Dov clearly does not care about what’s good for Sadie. That’s why his ongoing presence in Zevin’s story even after Sadie, with help from Sam and Marx, finally breaks free from him is a source of uneasiness. Always apologetic and self-deprecating right alongside his assertiveness, Dov morphs into a sort of wise uncle figure, offering advice or admiration or even tough love at key points in Sadie’s life. Emba’s book helps explain why that’s such a problem—because these offerings are coming from someone who, when he was in a position of power over Sadie, did not will her good.

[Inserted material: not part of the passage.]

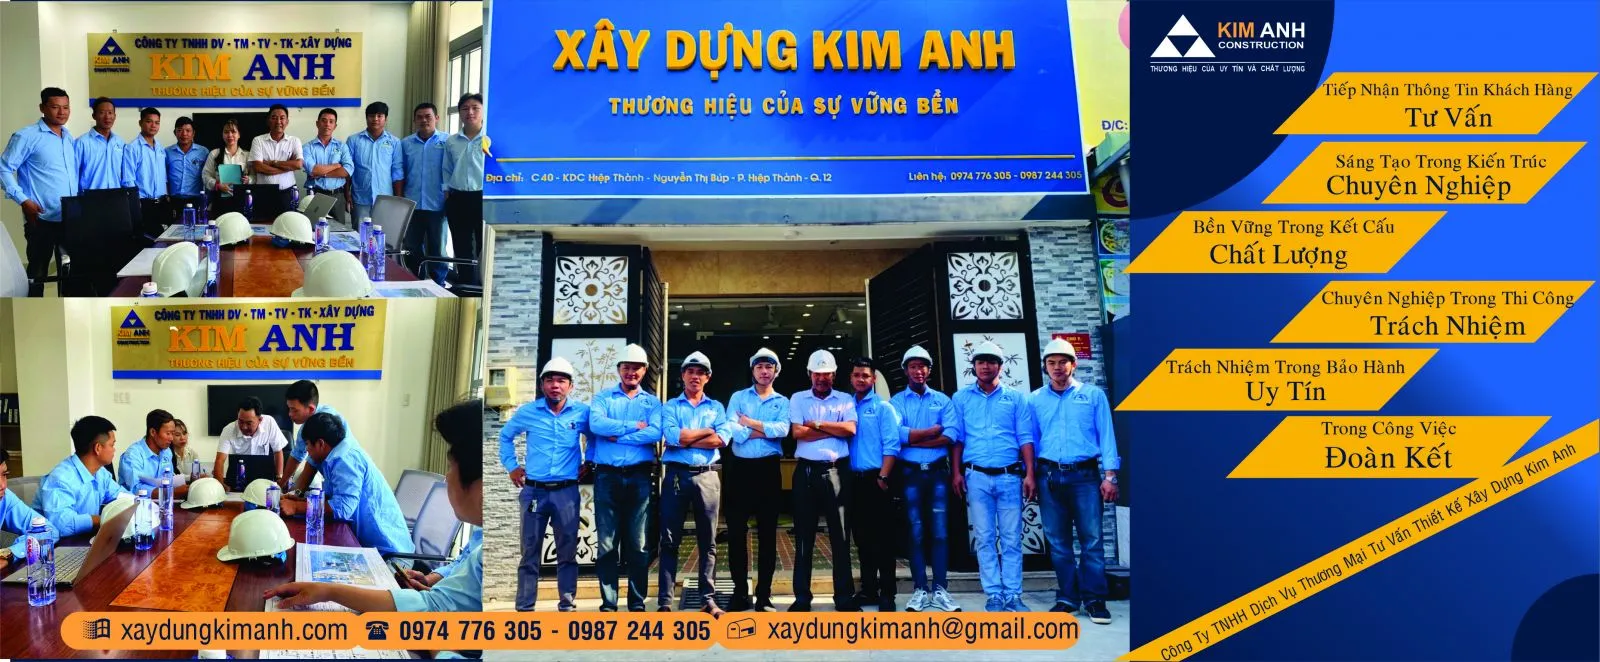 Xây Dựng Kim Anh: Công ty xây dựng nhà Quận Bình Thạnh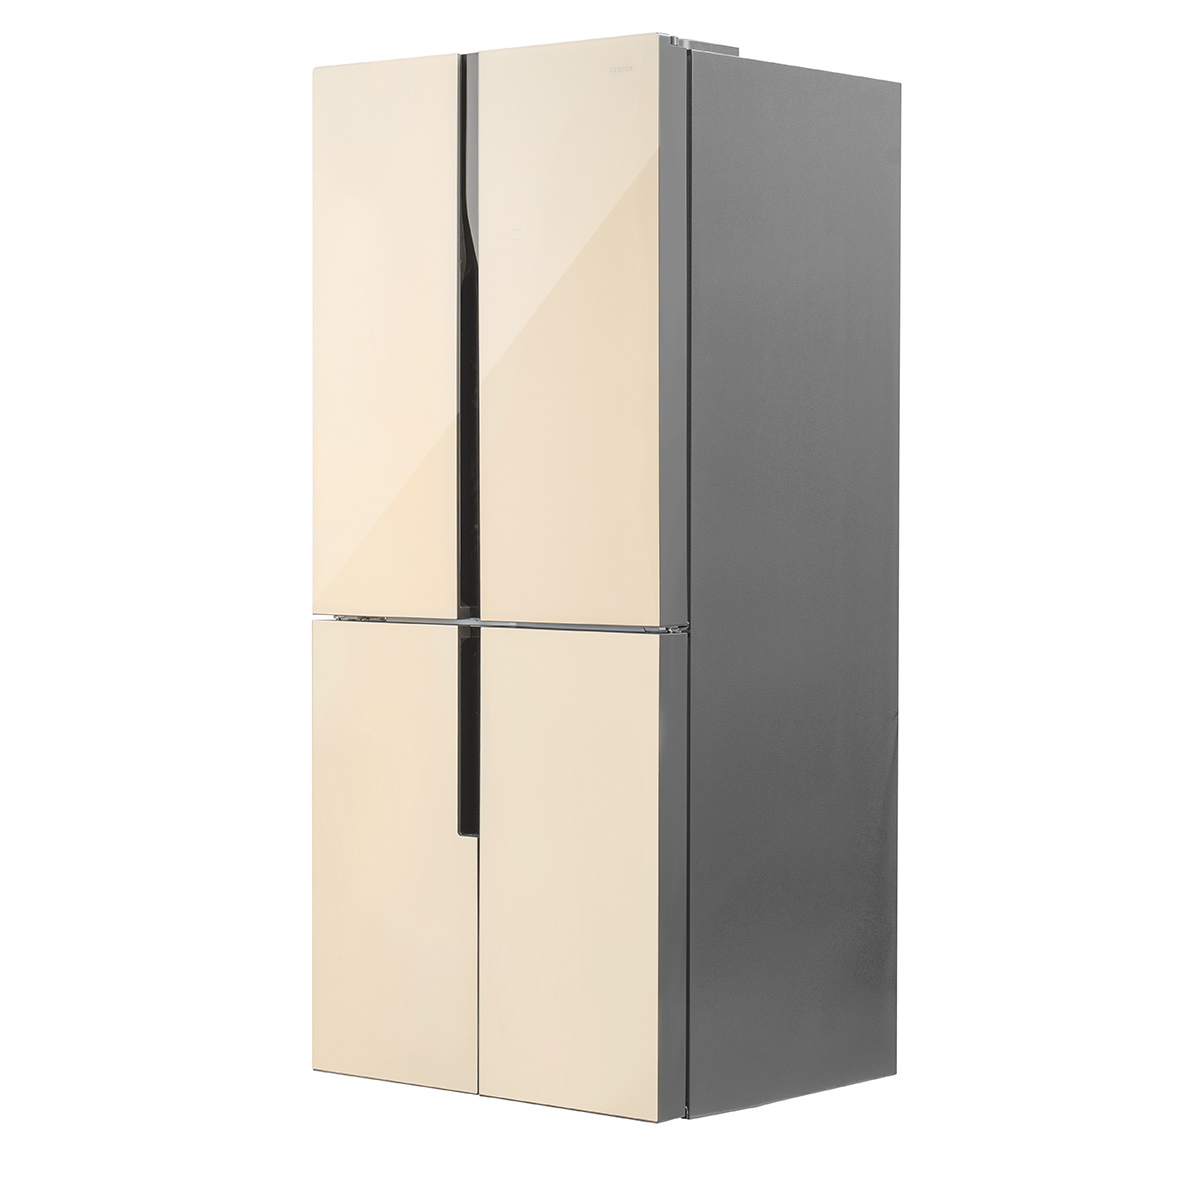 Холодильник hyundai cs6073fv. Холодильник Hyundai cs5073fv. Холодильник Side by Side Hyundai cs6073fv. Холодильник Hyundai cs6073fv белый. Холодильник Hyundai cs5073fv, графит.

Even back when she was in that situation, under his power, Sadie understood this at a gut level: “He wouldn’t have sex without her consent, but he felt free to make her uncomfortable and embarrassed”—for instance, handcuffing her to his bed and leaving her there for hours. And that understanding bleeds over into other areas of her life, causing serious damage. When Sadie realizes that Sam once did something that brought her and Dov back together after their first breakup, instead of recognizing and accepting that Sam didn’t really understand what was at stake for her at the time, she becomes so angry with Sam that it causes a serious rupture in their friendship.
No wonder Dov sticks in the craw of many readers who have otherwise enjoyed the book. Author Gabrielle Zevin said in an interview, “With regard to Dov, I’ve had some younger readers ask, ‘why isn’t he punished?’ And I’ll say, ‘because the book ends in 2011.’” Before the #MeToo movement, the Dovs of the world often got away with their abuse and exploitation.
A lot has changed for the better since then, but as Emba reminds us—and as the role of consent in Sadie’s story suggests—a lot still needs to change. What people like Dov do is not a game, but deadly serious—and consent, essential as it is, is still not enough to save us from the harm that they cause. That’s why the ethic that Emba draws from Aquinas—to will the highest good of another, and to know that we deserve to be with those who will our highest good—is a true game-changer.